Including an intercept in ordered models. The cutpoints absorb the intercept. Adding a column of ones to X causes multicollinearity and estimation failure.
Fewer than 3 categories. Both ordered and multinomial models require $J \geq 3$. For binary outcomes, use estimate_logit or estimate_probit instead.
Ignoring the proportional odds assumption. Always run brant_test after ordered logit. If rejected, the coefficients vary across cutpoints and a generalized ordered logit or multinomial logit is more appropriate.

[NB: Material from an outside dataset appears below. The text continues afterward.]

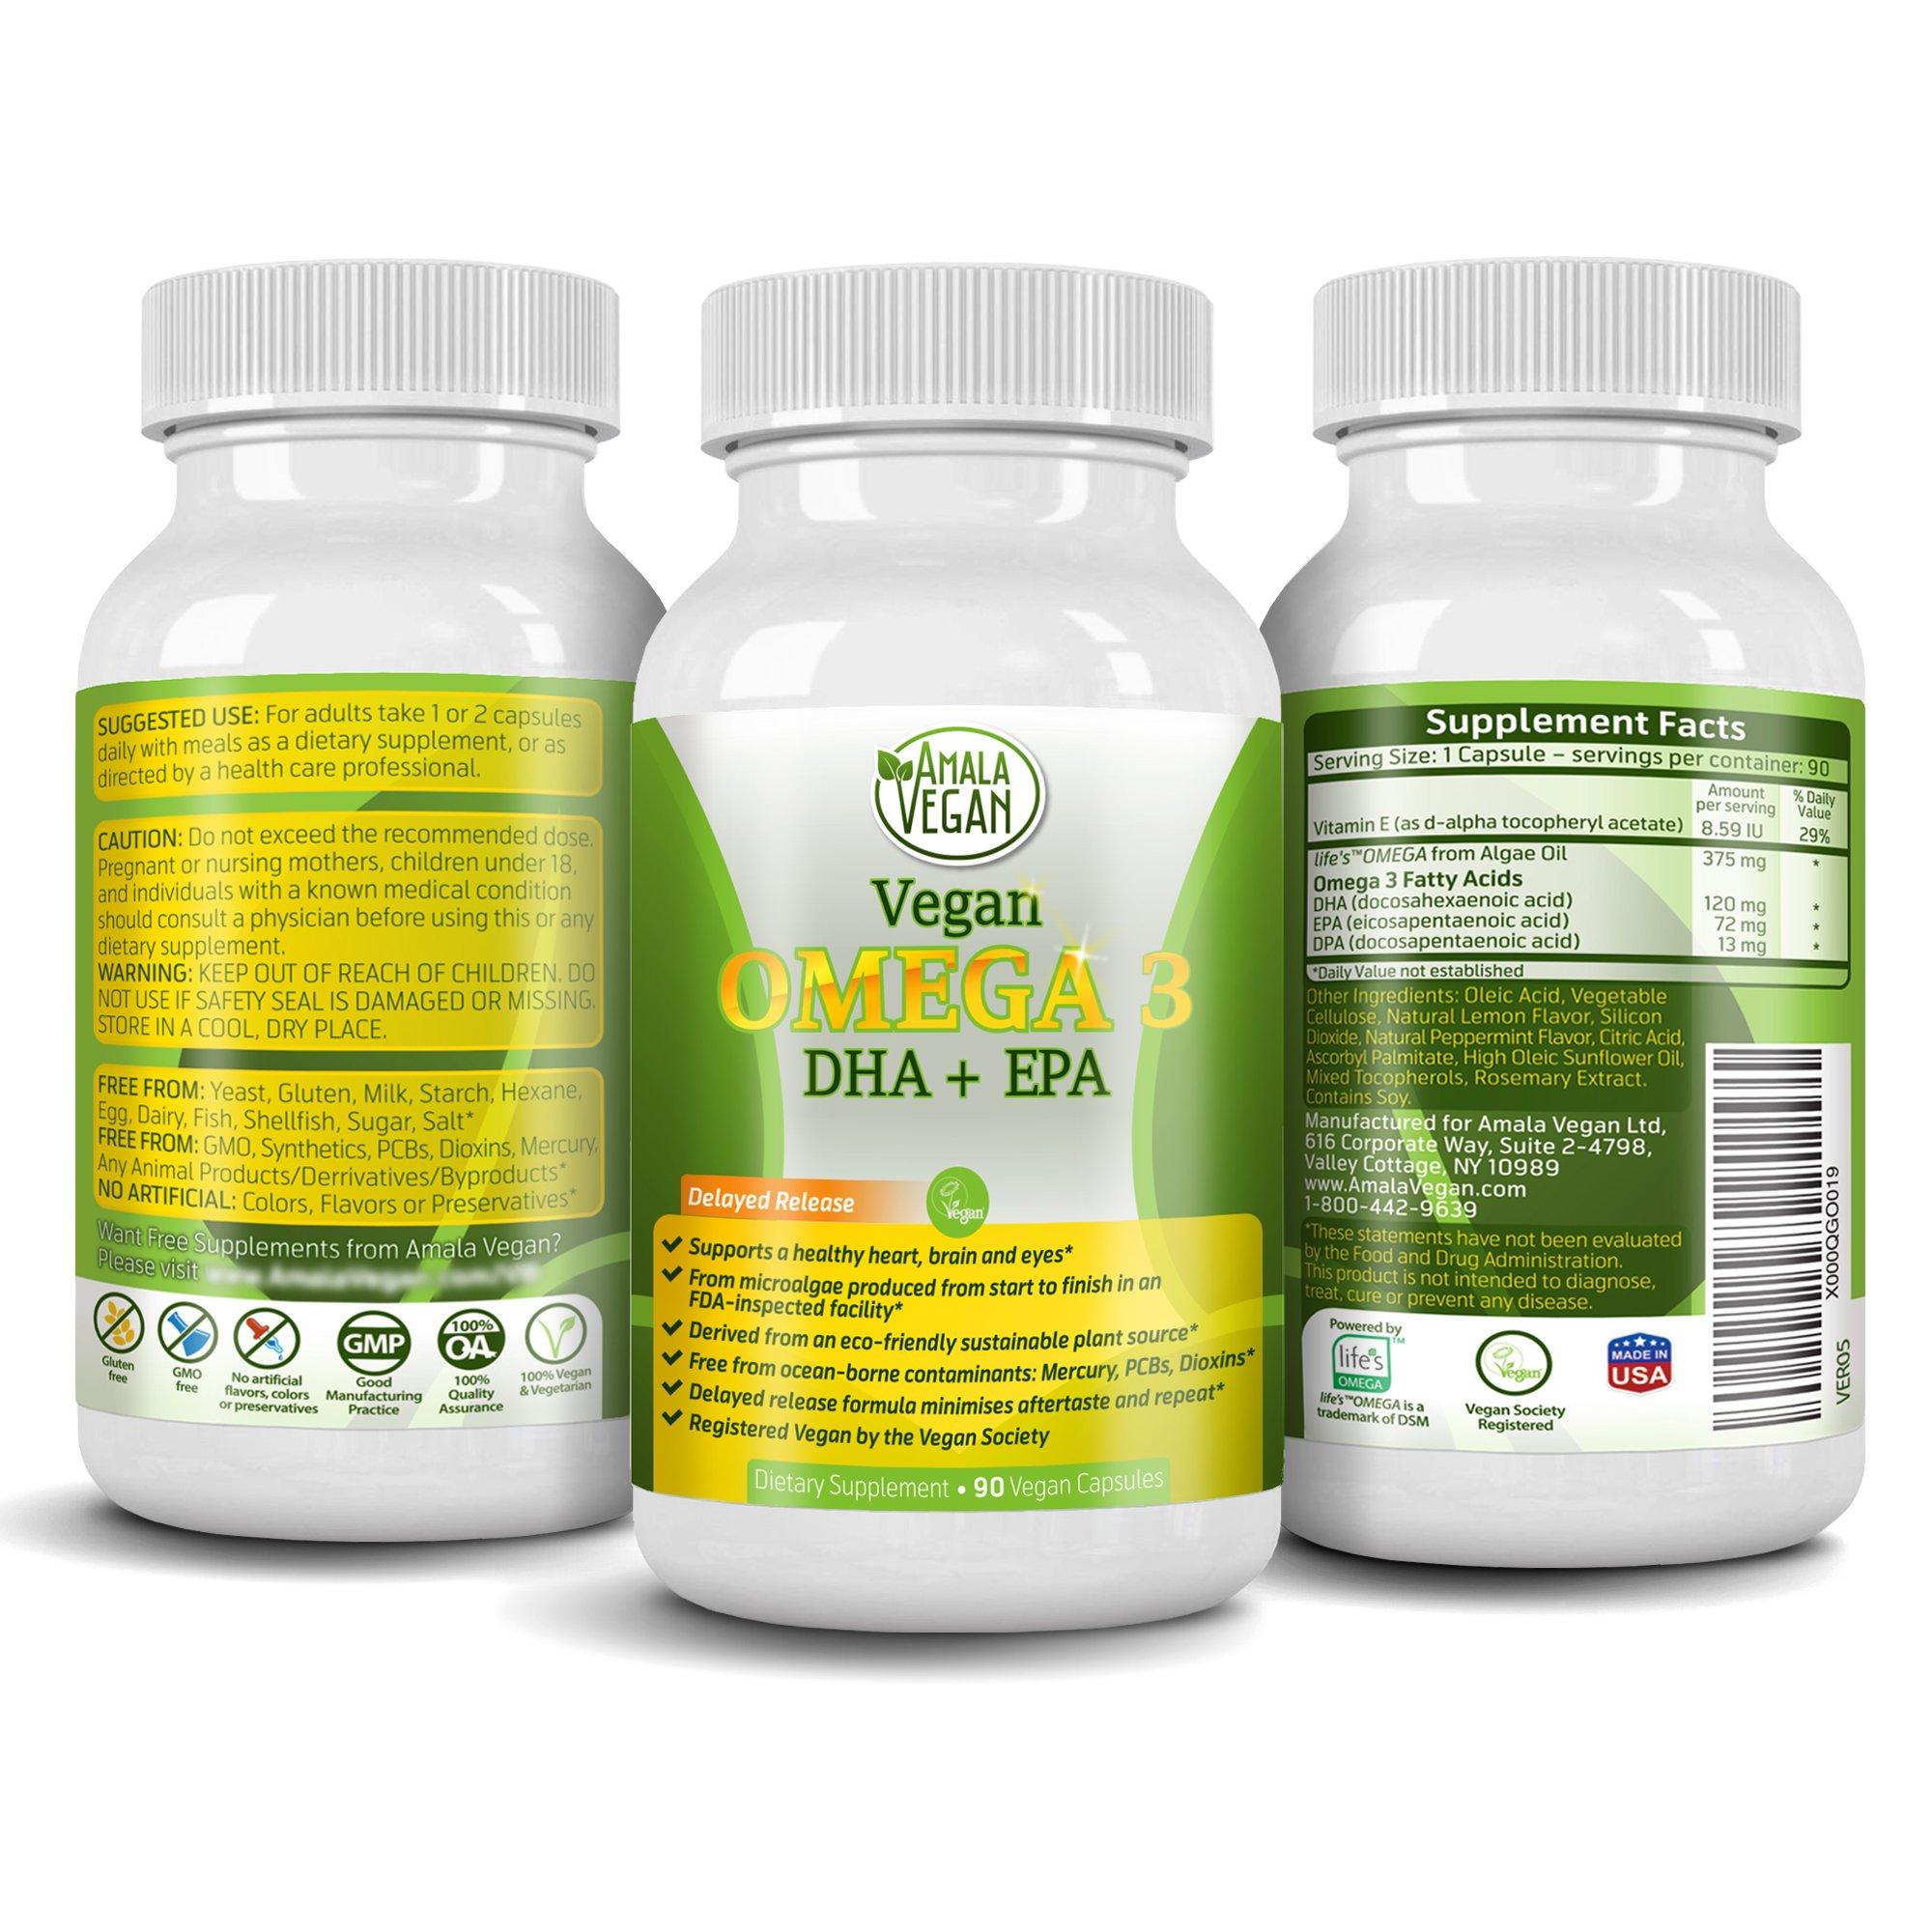 Potent Vegan Omega 3 Supplement w/Essential Fatty Acids, Vitamin E, DHA & EPA - Vegetarian Algae based & Non GMO Time-Release Capsules - Improve Eye, Heart, Brain Health - Better than Fish Oil
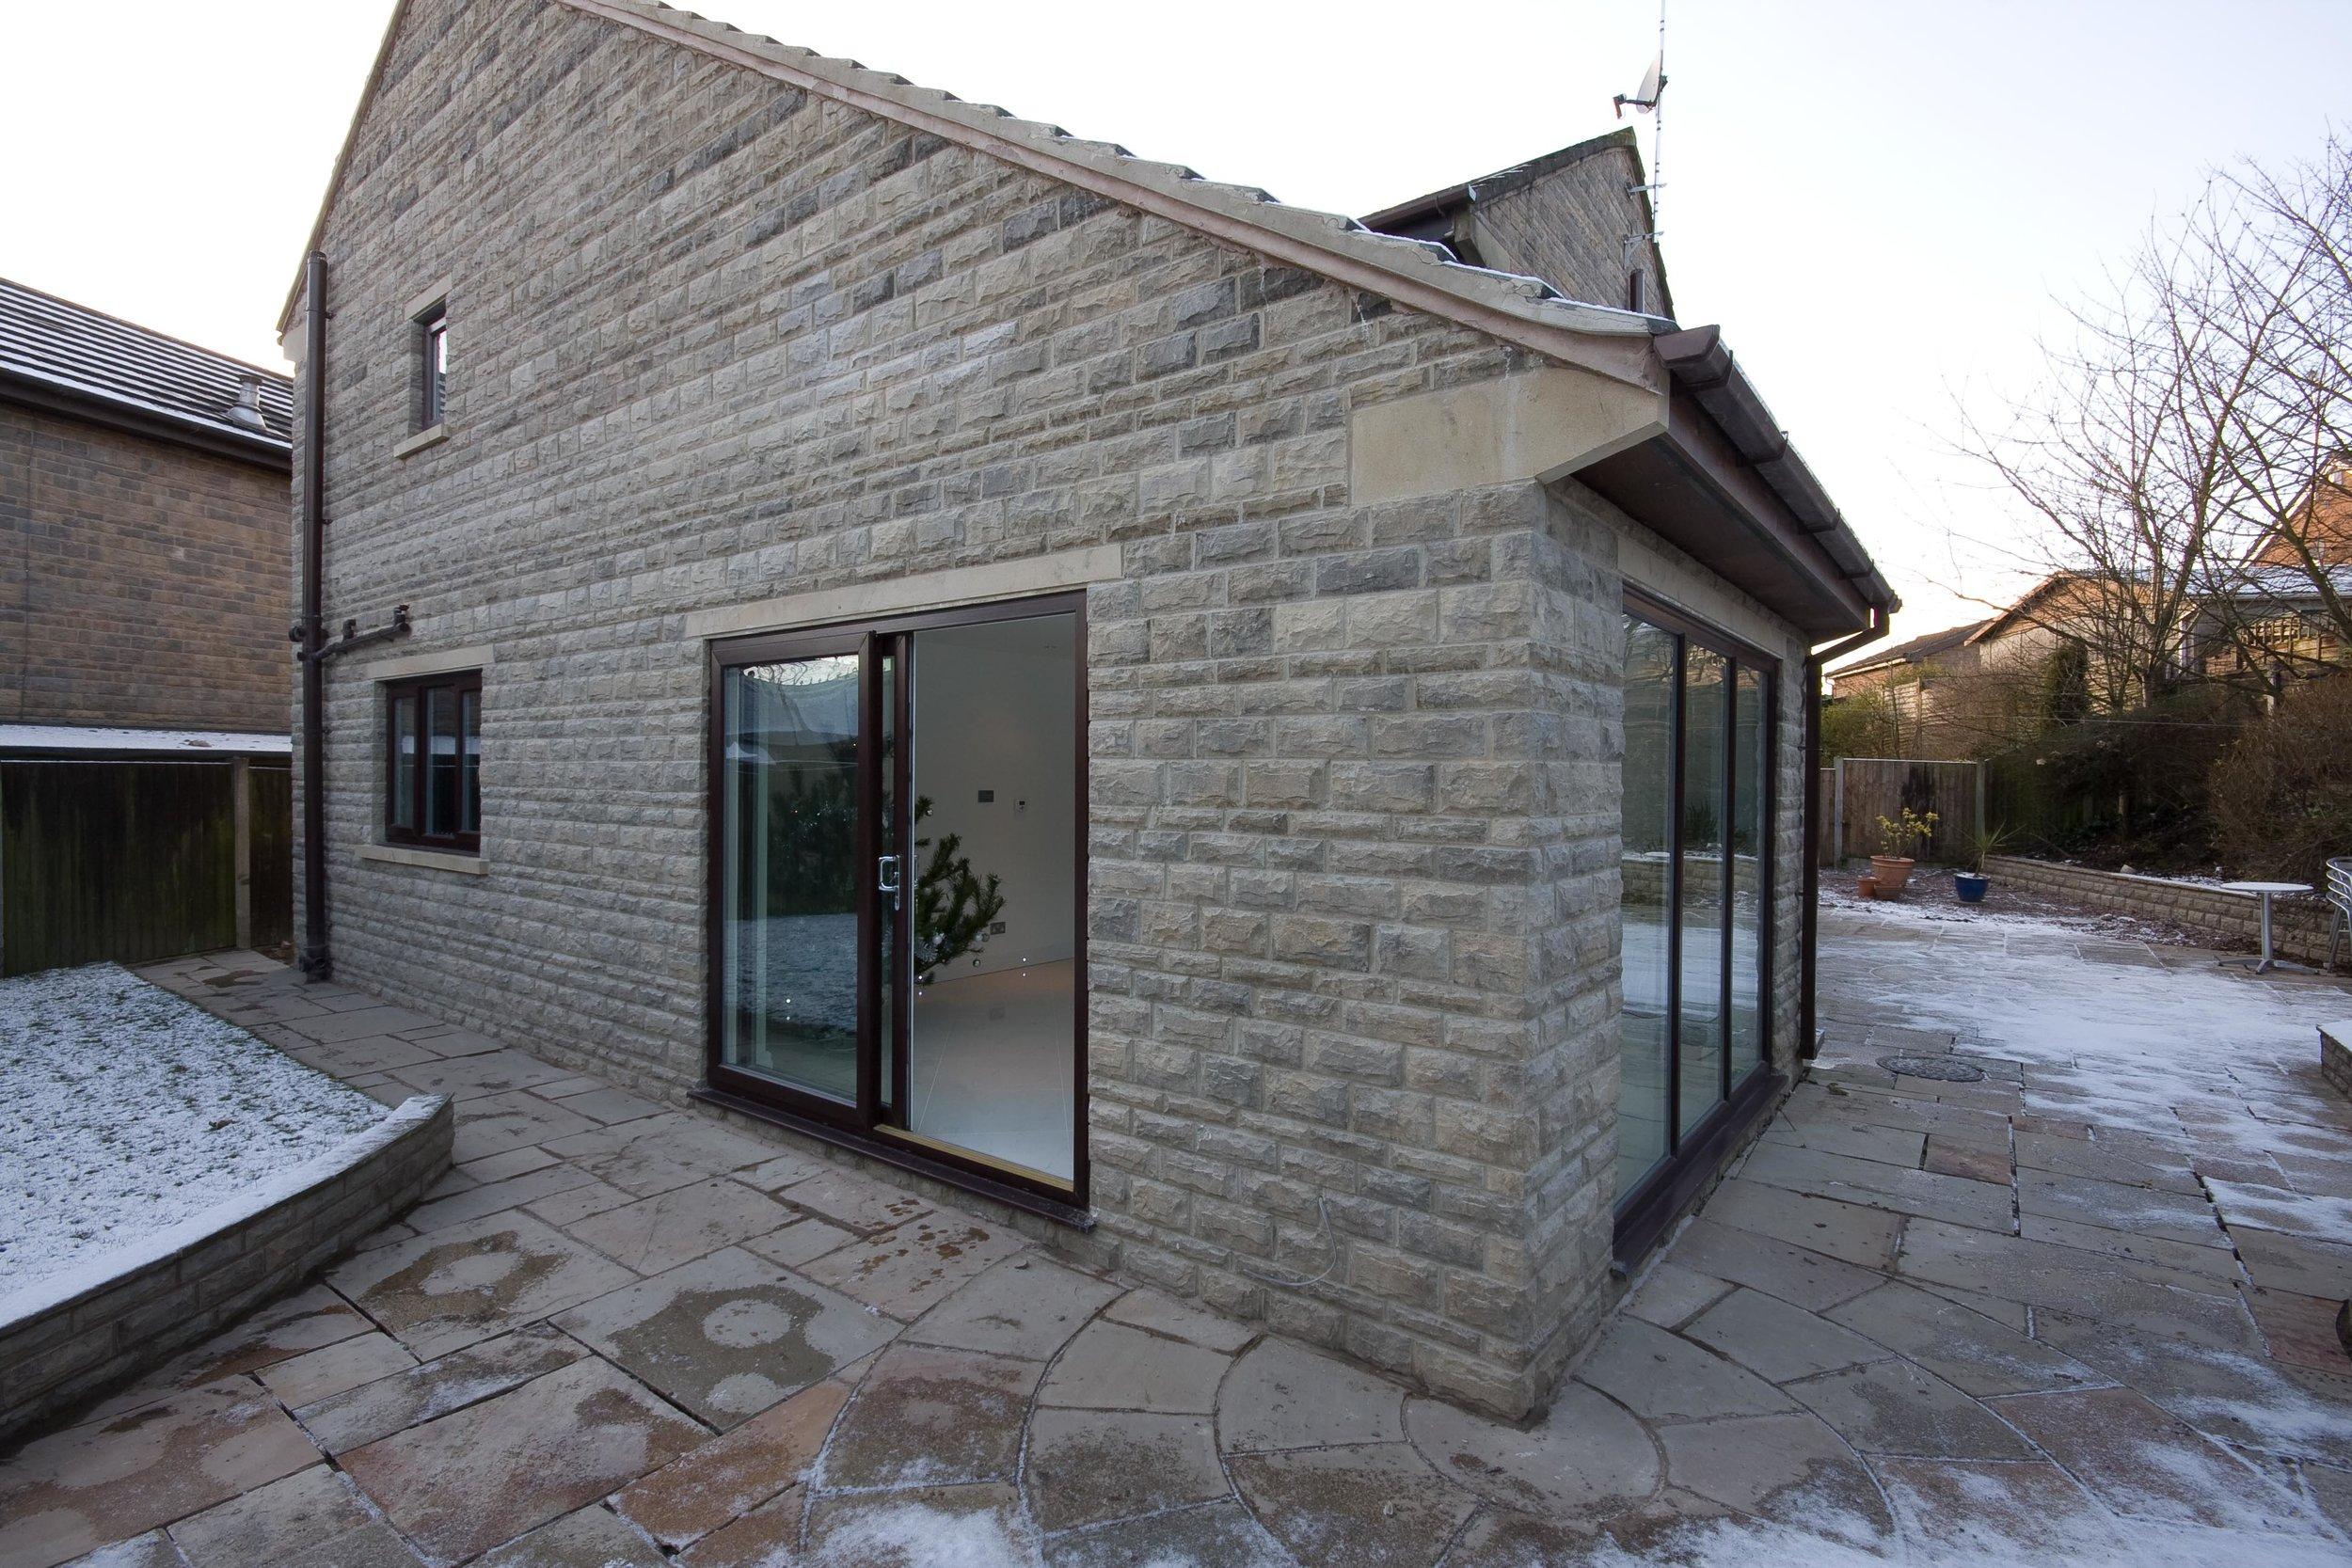 PropertyPhotographs-4532.jpg

Interpreting multinomial logit coefficients as marginal effects. The $\beta_{j,k}$ coefficients measure log-odds ratios relative to the base category, not marginal changes in probability. Always compute marginal_effects(m) for substantive interpretation.
IIA violations in multinomial logit. If hausman_iia rejects for any omitted category, the multinomial logit model is misspecified. The relative odds between remaining alternatives should not change when an alternative is removed.

References

Agresti, A. (2010). Analysis of Ordinal Categorical Data. 2nd ed. Wiley. ISBN 978-0-470-08289-8.
Brant, R. (1990). Assessing Proportionality in the Proportional Odds Model for Ordinal Logistic Regression. Biometrics 46(4), 1171-1178. DOI
Cameron, A. C. & Trivedi, P. K. (2005). Microeconometrics: Methods and Applications. Cambridge University Press. ISBN 978-0-521-84805-3.
Greene, W. H. (2012). Econometric Analysis. 7th ed. Prentice Hall. ISBN 978-0-131-39538-1.
Hausman, J. A. & McFadden, D. (1984). Specification Tests for the Multinomial Logit Model. Econometrica 52(5), 1219-1240. DOI
McCullagh, P. (1980). Regression Models for Ordinal Data. Journal of the Royal Statistical Society: Series B 42(2), 109-142. DOI
McFadden, D. (1974). Conditional Logit Analysis of Qualitative Choice Behavior. In P. Zarembka (Ed.), Frontiers in Econometrics (pp. 105-142). Academic Press.
Train, K. E. (2009). Discrete Choice Methods with Simulation. 2nd ed. Cambridge University Press. ISBN 978-0-521-74738-7.
Wooldridge, J. M. (2010). Econometric Analysis of Cross Section and Panel Data. 2nd ed. MIT Press. ISBN 978-0-262-23258-6.